AVAILABLE DATA:
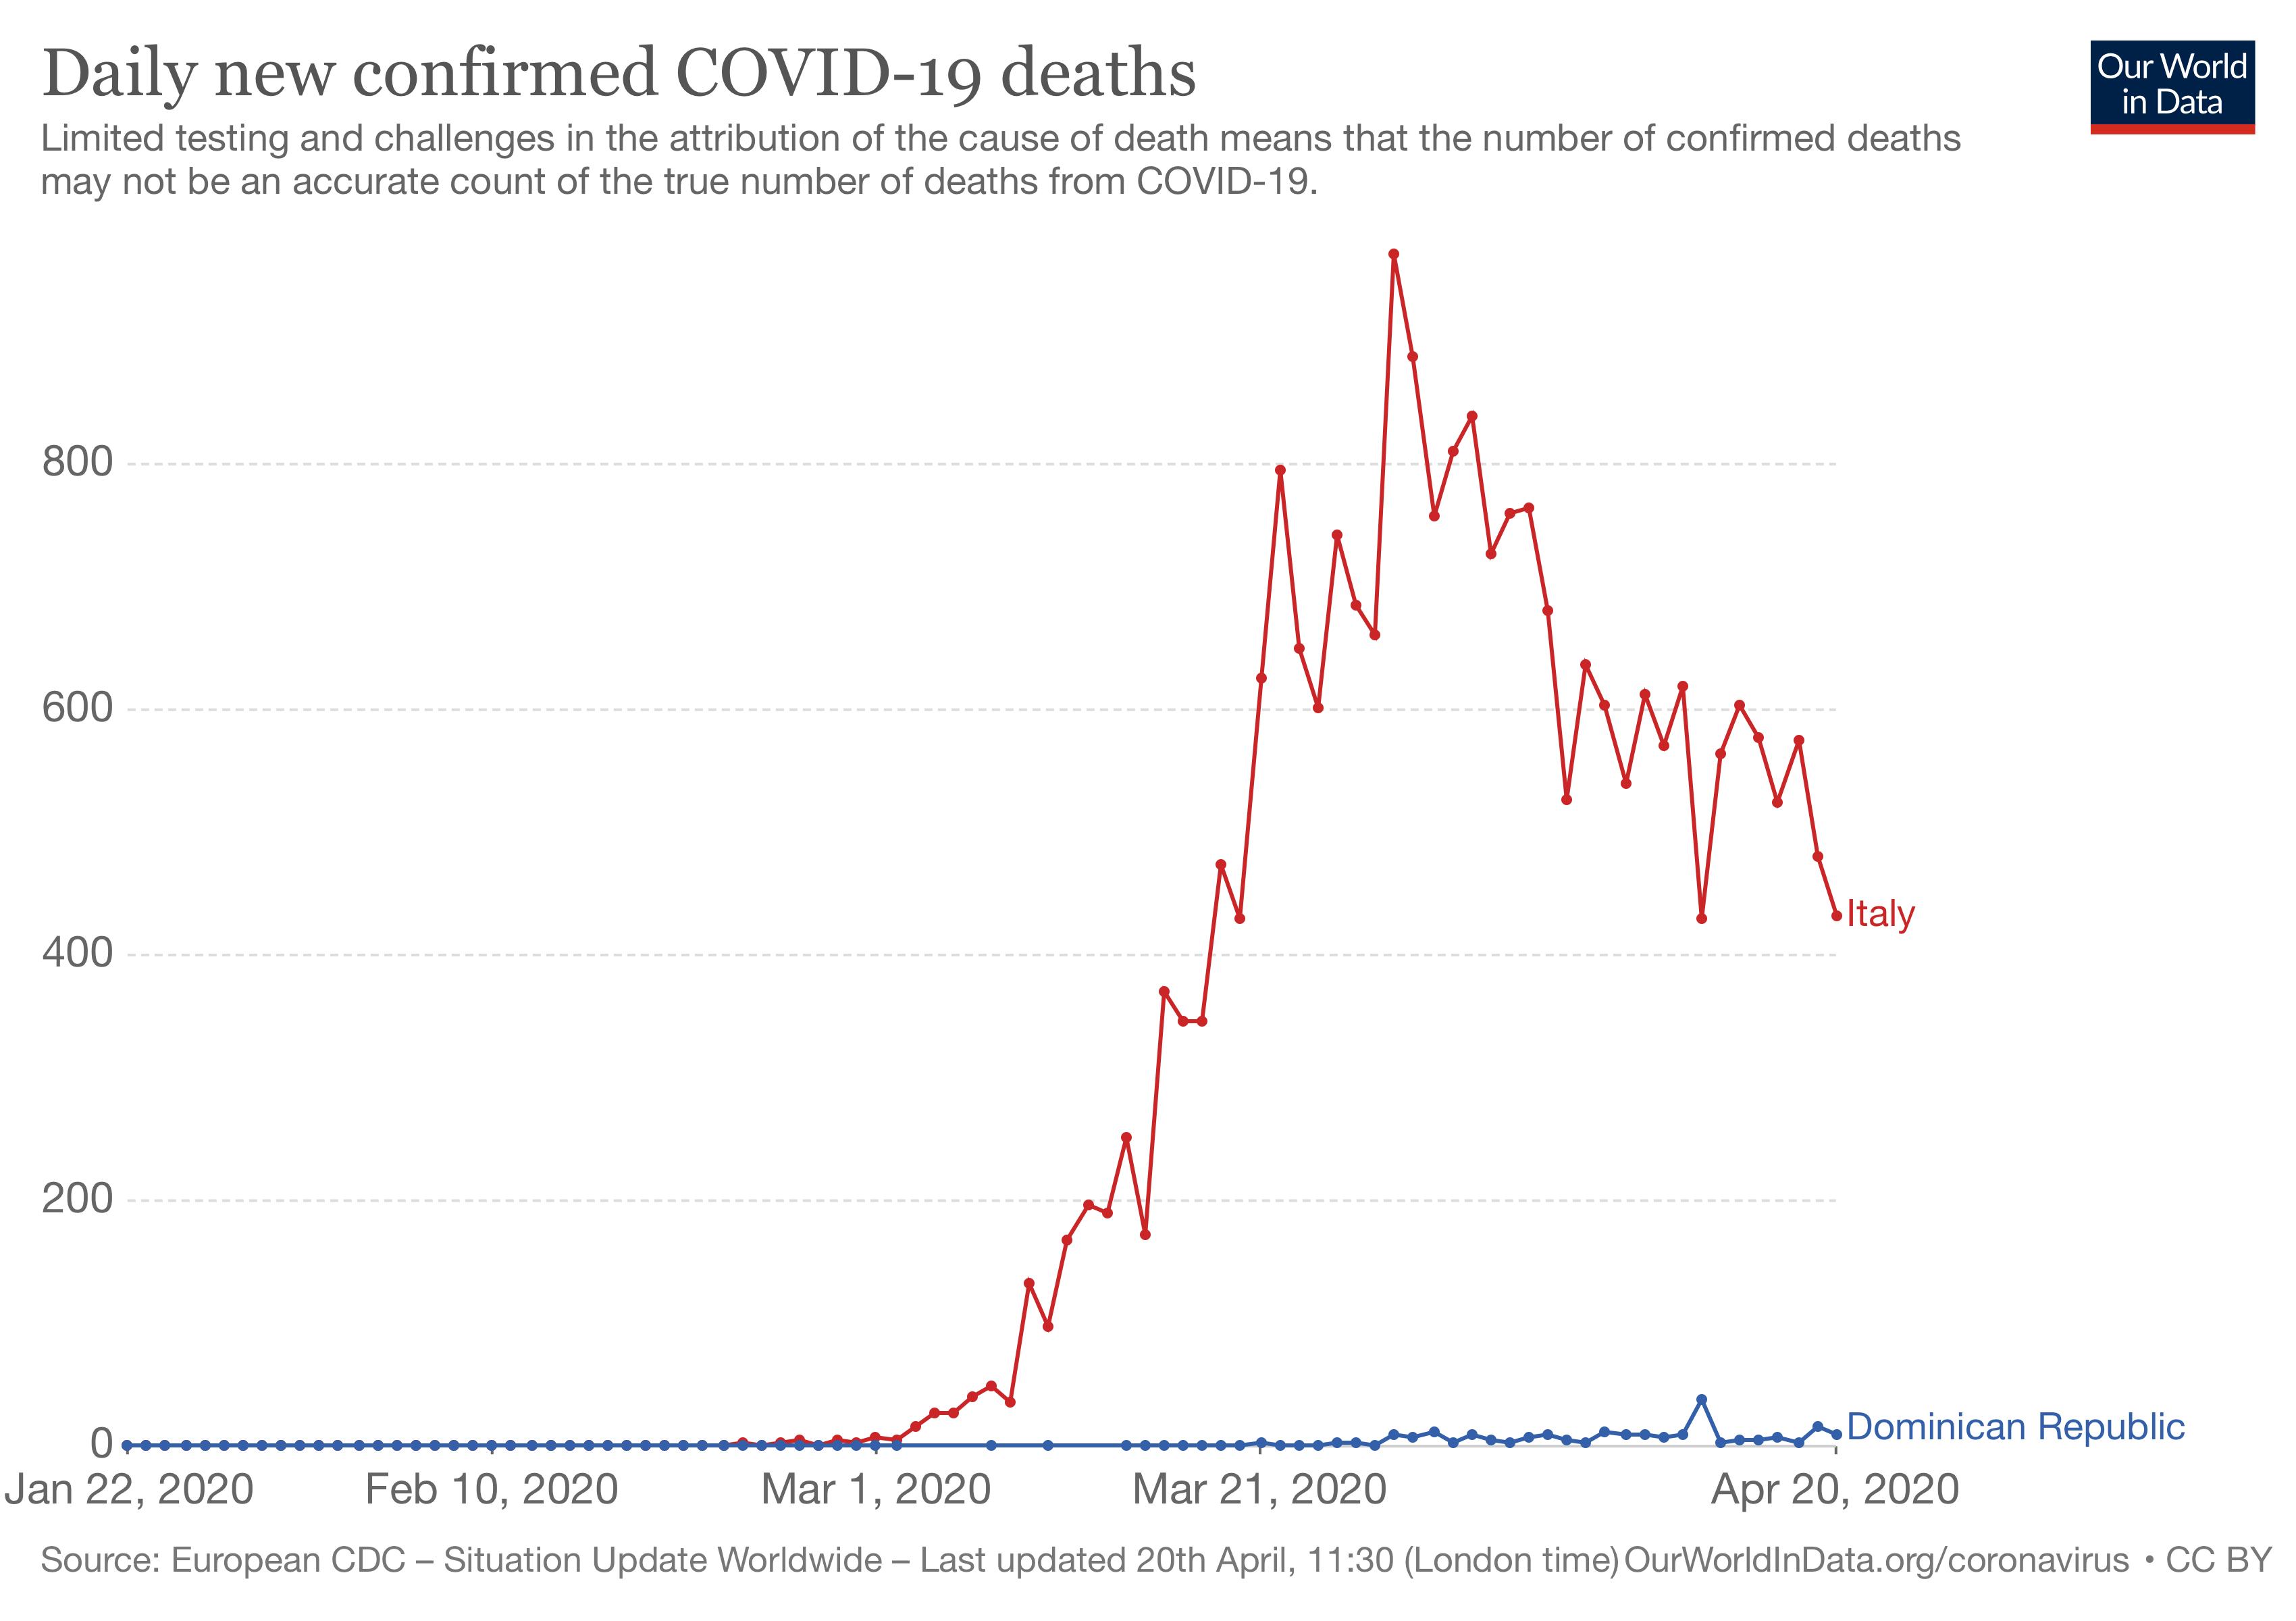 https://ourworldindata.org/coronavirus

==

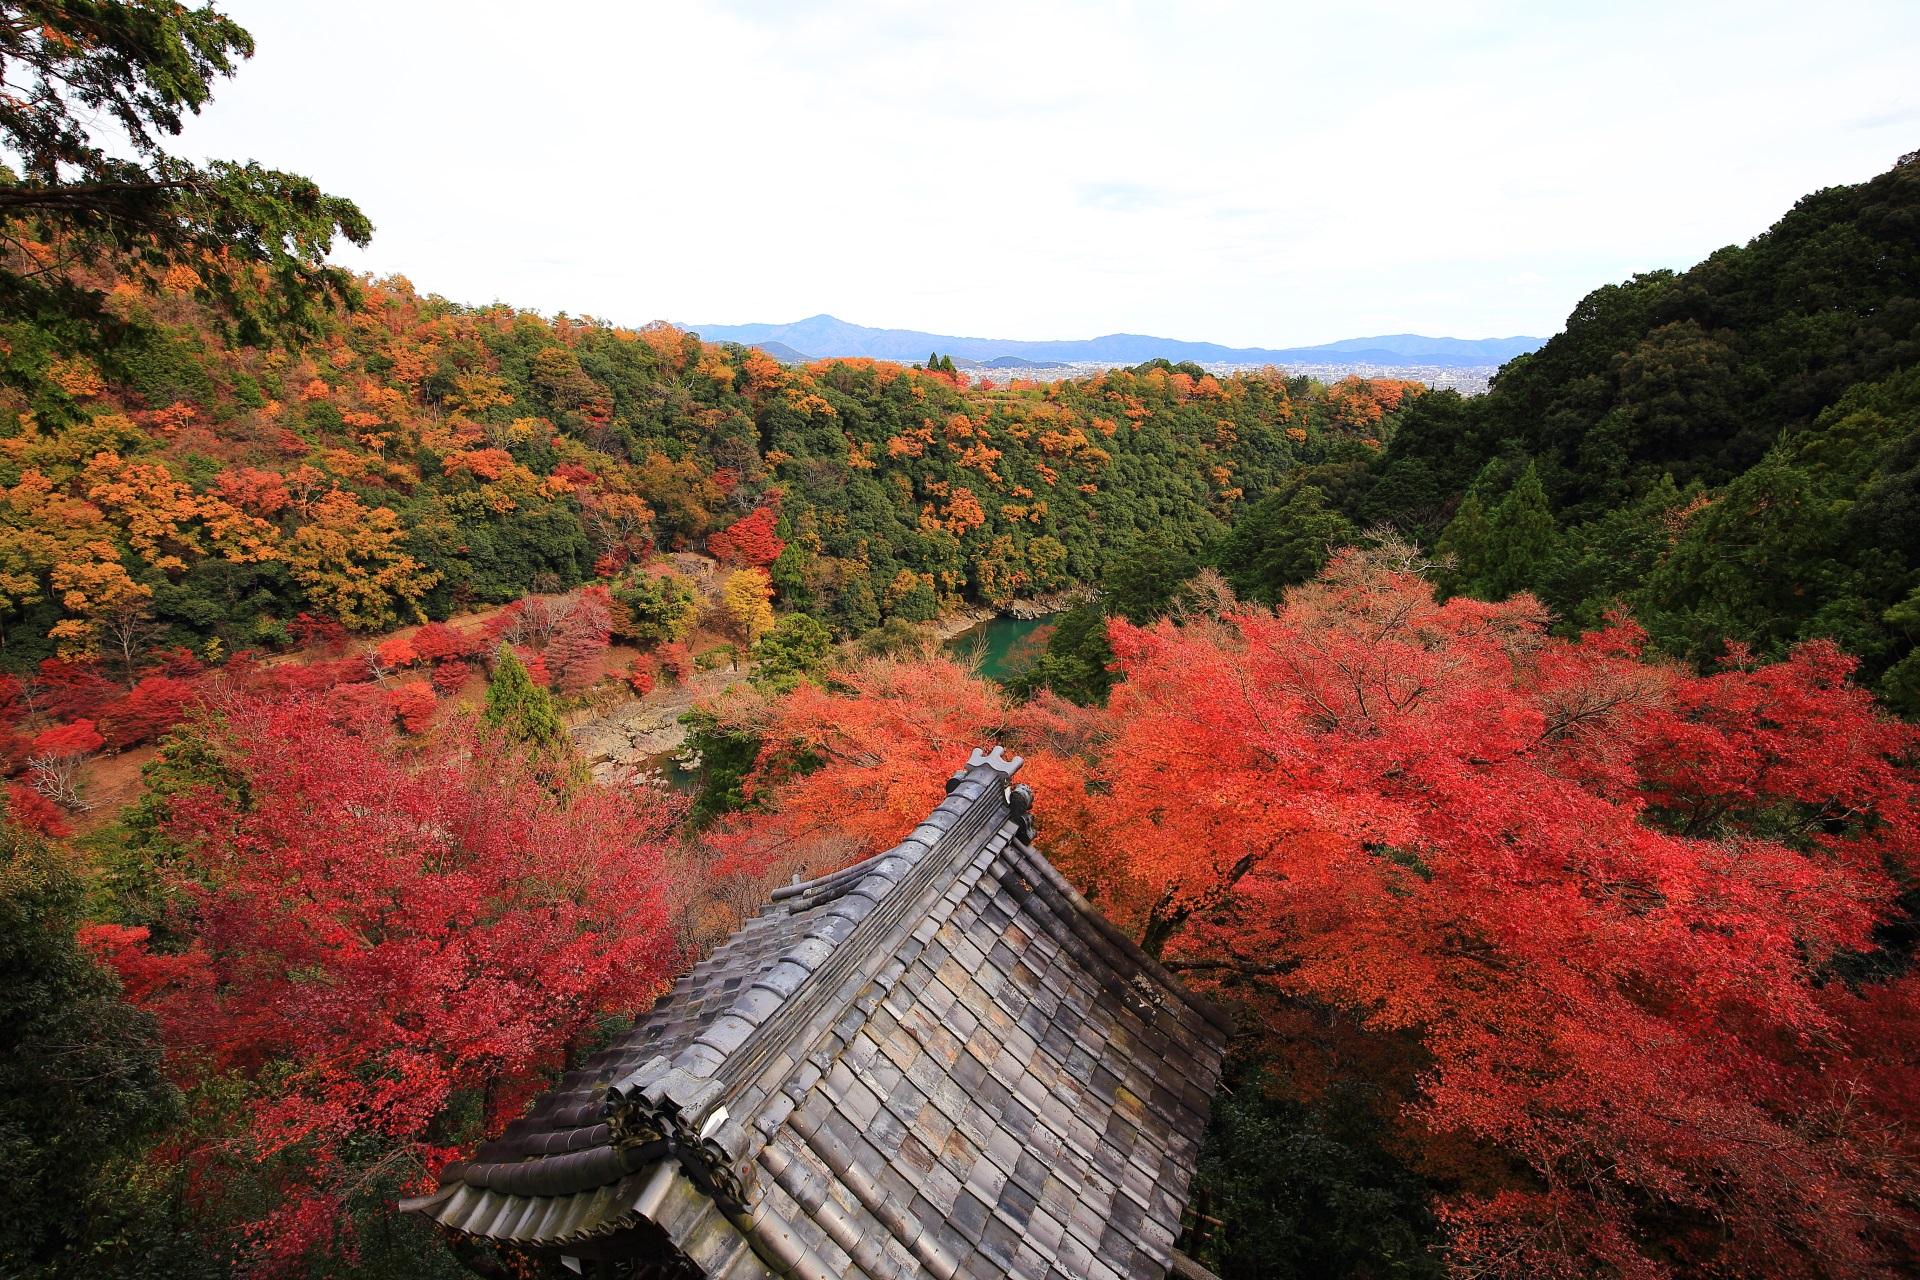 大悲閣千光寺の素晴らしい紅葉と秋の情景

* * *

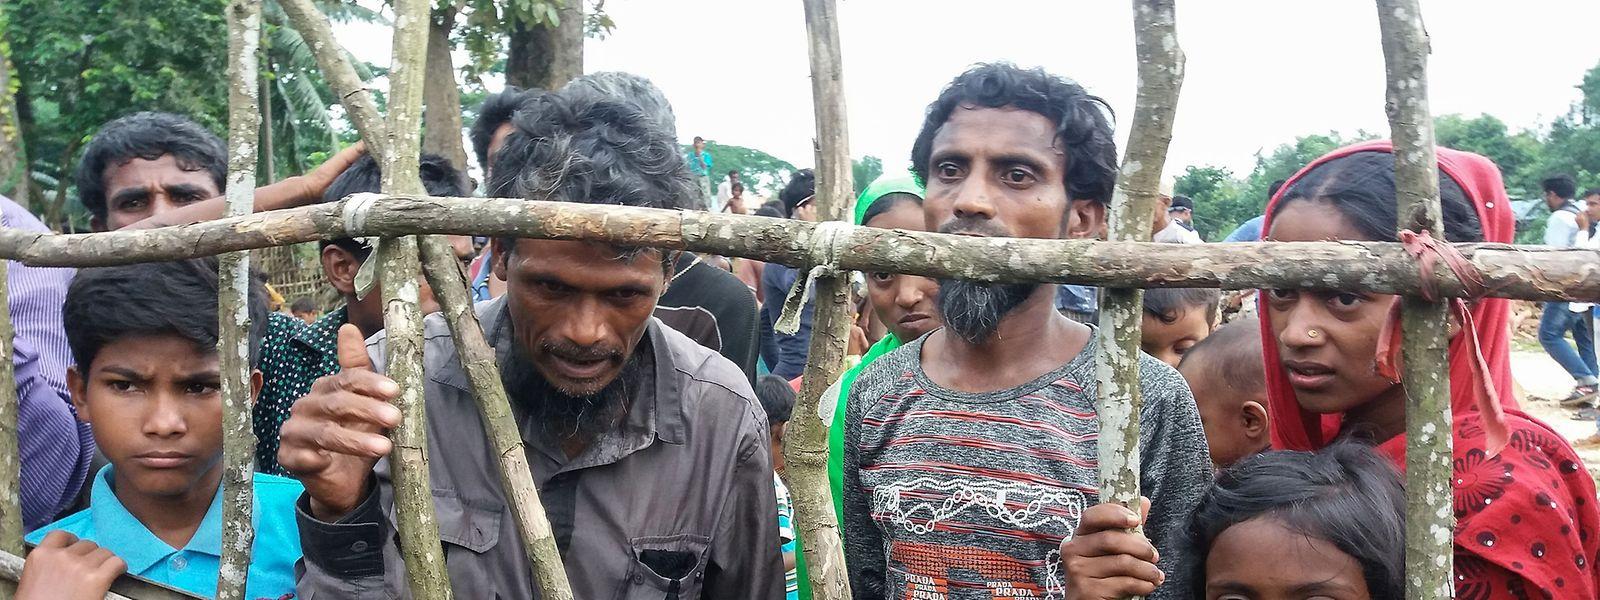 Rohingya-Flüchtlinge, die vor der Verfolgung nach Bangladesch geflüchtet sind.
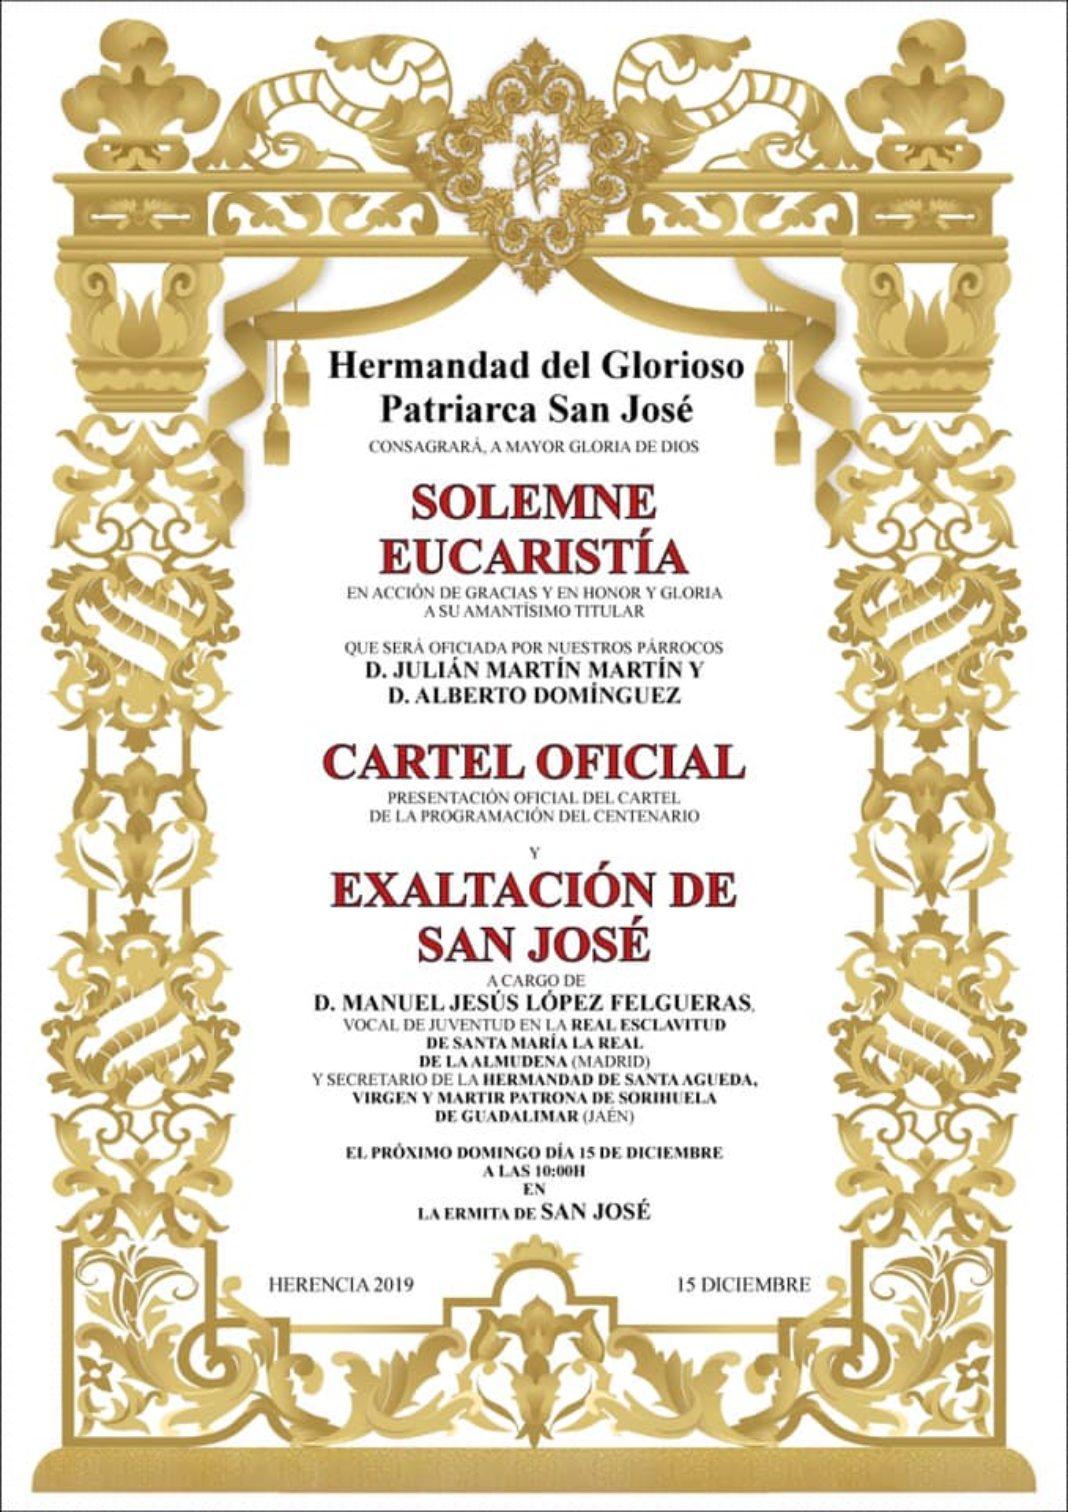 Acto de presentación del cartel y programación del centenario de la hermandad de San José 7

TASK:
What you return must match the lines above from the one with "Rohingya-Flüchtlinge, die vor" through the one with "Acto de presentación" exactly, with both ends included and the pictures excluded.

WORKED SOLUTION:
 Rohingya-Flüchtlinge, die vor der Verfolgung nach Bangladesch geflüchtet sind.
 Acto de presentación del cartel y programación del centenario de la hermandad de San José 7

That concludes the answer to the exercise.